In terms of working out time differences between rows - you are right OpenRefine isn't so good on comparing data between rows. You can force this by using the 'Records' mode, which allows you to group rows together and to some extent work across all the rows in a record, but to be honest this is going to be clunky way of getting to what you need.

Instead I'd suggest it might be easier to use OpenRefine to get to the potential duplicates, then export them to a Spreadsheet to do that sort of calculation.

Owen

Al J

unread,
Jan 26, 2016, 10:54:57 AM1/26/16
to OpenRefine
Ok, I'll look at those docs and make suggestions in a PR

Joe Bloggs -- that's hilarious (to me) !! I worked on the Princeton Review's SAT Prep Multimedia CD-Rom a long time ago - and there was a little animated guy named Joe Bloggs who would pop up from time to time with helpful information for the student.  We all recorded his one line: The name is Bloggs, Joe Bloggs.  And they picked mine, HA!

I agree, once I get it down to good clusters where time is the only differentiator - then I'm going to eyeball it.  If it gets too hairy I'll export it and write some code.  

I will look into Records tho' -- I assume I'd have to identify the rows as belonging to the records, I'll post back here if I can't figure out how to do that.  

I'll be asked to repeat this analysis each month - can I plug in new data and re-run automatically ?

thanks
al;

Al J

unread,
Jan 26, 2016, 6:45:37 PM1/26/16
to OpenRefine
I added the: RefinePro Knowledge Base for OpenRefine -- http://kb.refinepro.com/ to the documentation wiki 

So far that is the best possible additional reference I have found for answers





Owen Stephens

unread,
Jan 27, 2016, 4:27:32 AM1/27/16
to OpenRefine
Great.

Once you have converted the rows into Records, then you can use the ability to address the individual rows in the Record using record.index or record.cells (see the bottom of https://github.com/OpenRefine/OpenRefine/wiki/Variables) to compare values across rows (e.g. use record.cells to get an array of values then iterate through with forEach )

Owen

Al J

unread,
Jan 27, 2016, 7:04:05 AM1/27/16
to OpenRefine
yep, my current search is for date math: date2epoch, epoch2date & seconds2duration 

if I end up writing those, it looks like my options for contribution is only extensions, is that right?

seems there's no macro language and I can't load a clojure library

am I missing something ?

Owen Stephens

unread,
Jan 27, 2016, 8:11:07 AM1/27/16
to OpenRefine
Hi Al,

Can you say a bit more about what you are trying to do?
The date functions in OpenRefine GREL may be enough - https://github.com/OpenRefine/OpenRefine/wiki/GREL-Date-Functions:
* toDate
* diff
* inc
* datePart

for example, if you have the value as a string such as: "2015-08-01T00:00:00Z" you could use the following GREL to get the epoch time (milliseconds since Unix epoch):

value.toDate().datePart("time")

If you are starting from epoch time, you'll probably need to switch to using Jython or Clojure.

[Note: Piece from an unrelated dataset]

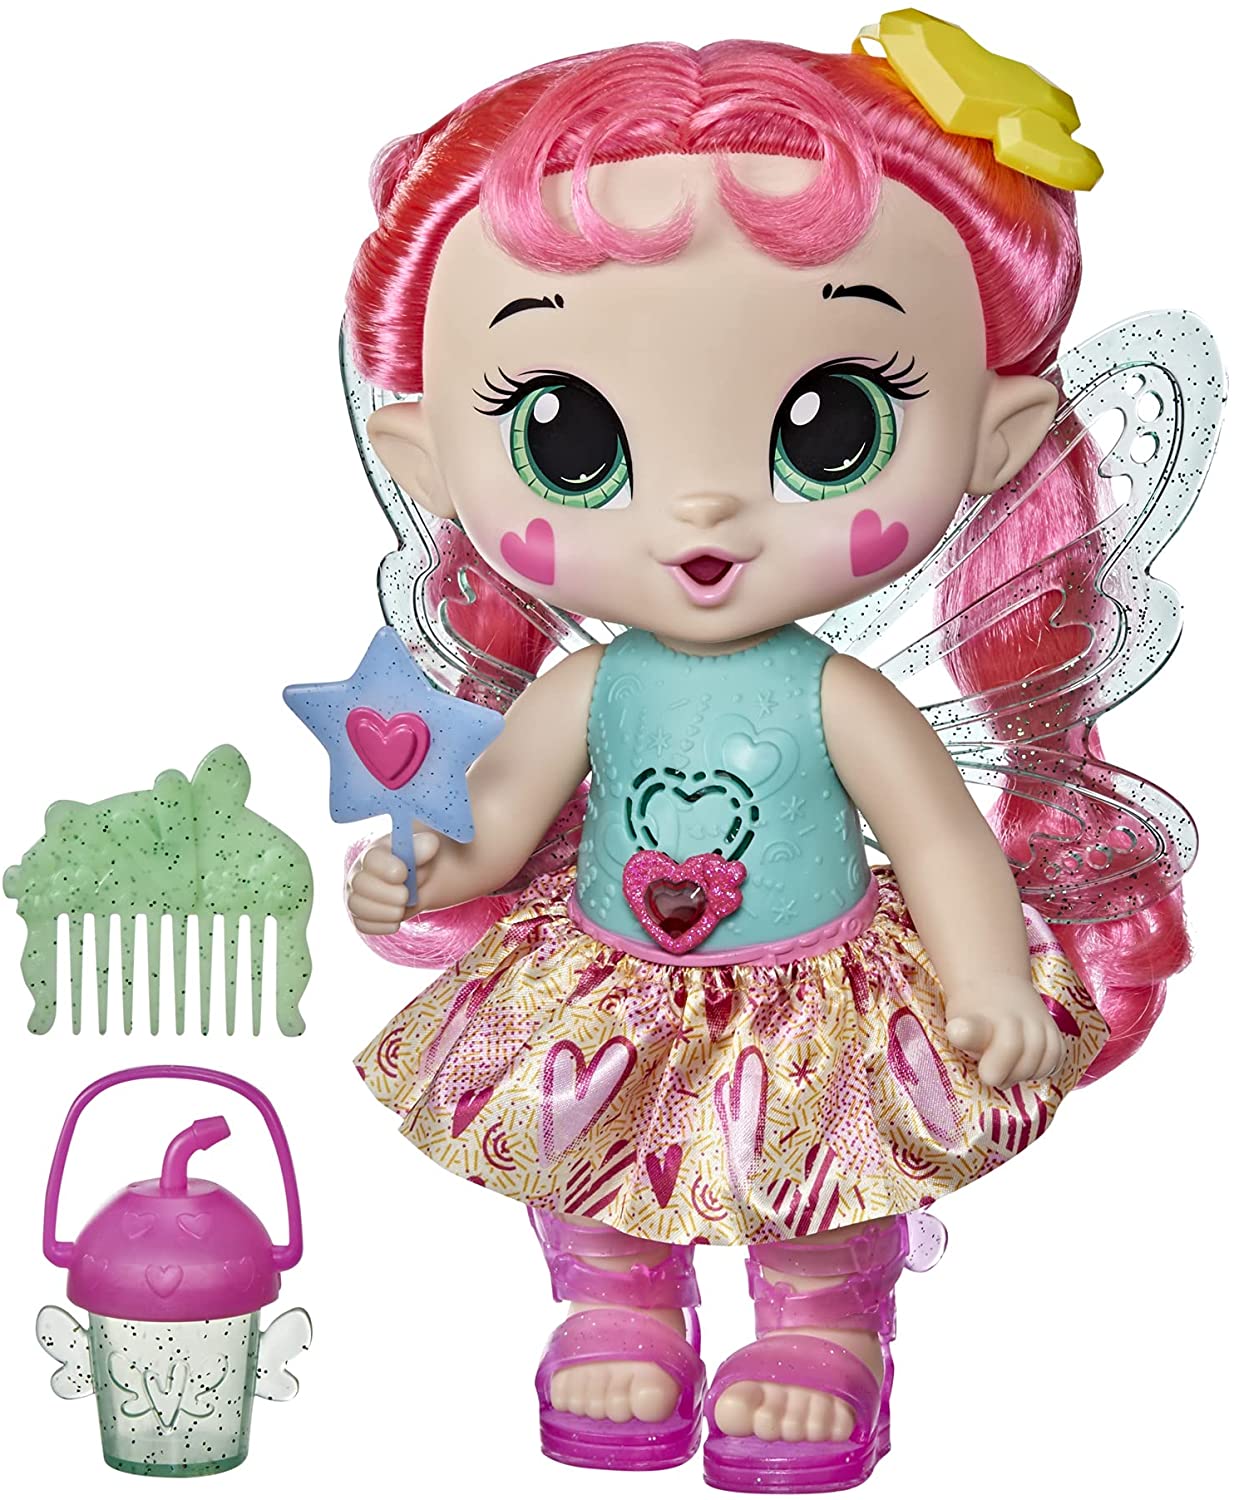 11.5 "Baby Alive Glo Pixies Dolls: Sammie Shimmer $15.39, Gigi Glimmer $15.39 + Free Shipping w/ Prime or on $25+

For example using Jython with the epoch time in seconds:
import time;
epochlong = int(float(value));
datetimestamp = time.strftime('%Y-%m-%dT%H:%M:%SZ', time.localtime(epochlong));
return datetimestamp


In terms of extending OpenRefine functionality that might be better posed to the Developer list (https://groups.google.com/forum/#!forum/openrefine-dev), but yes Extensions are the standard way of extending the functionality of OR.

I'm afraid I don't know how/if additional Clojure libraries can be imported. For Jython the documentation indicates that you can load additional Python libraries by dropping them somewhere in the Path, but it isn't something that I've done - more information at https://github.com/OpenRefine/OpenRefine/wiki/Jython and https://groups.google.com/forum/#!topic/openrefine/OvphcgDLNTs.

Owen

Al J

unread,
Jan 27, 2016, 8:58:21 AM1/27/16
to OpenRefine
I can say that you've given me all I need there!  

The crucial bit was the date part "time" -- I didn't see that in the SimpleDateFormat Docs -- I hadn't thought to look for the GREL ref -- it would be nice if that help section in the dialog where you enter functions had the link to the GREL as well as the SimpleDateFormat (I've opened an issue suggesting that.)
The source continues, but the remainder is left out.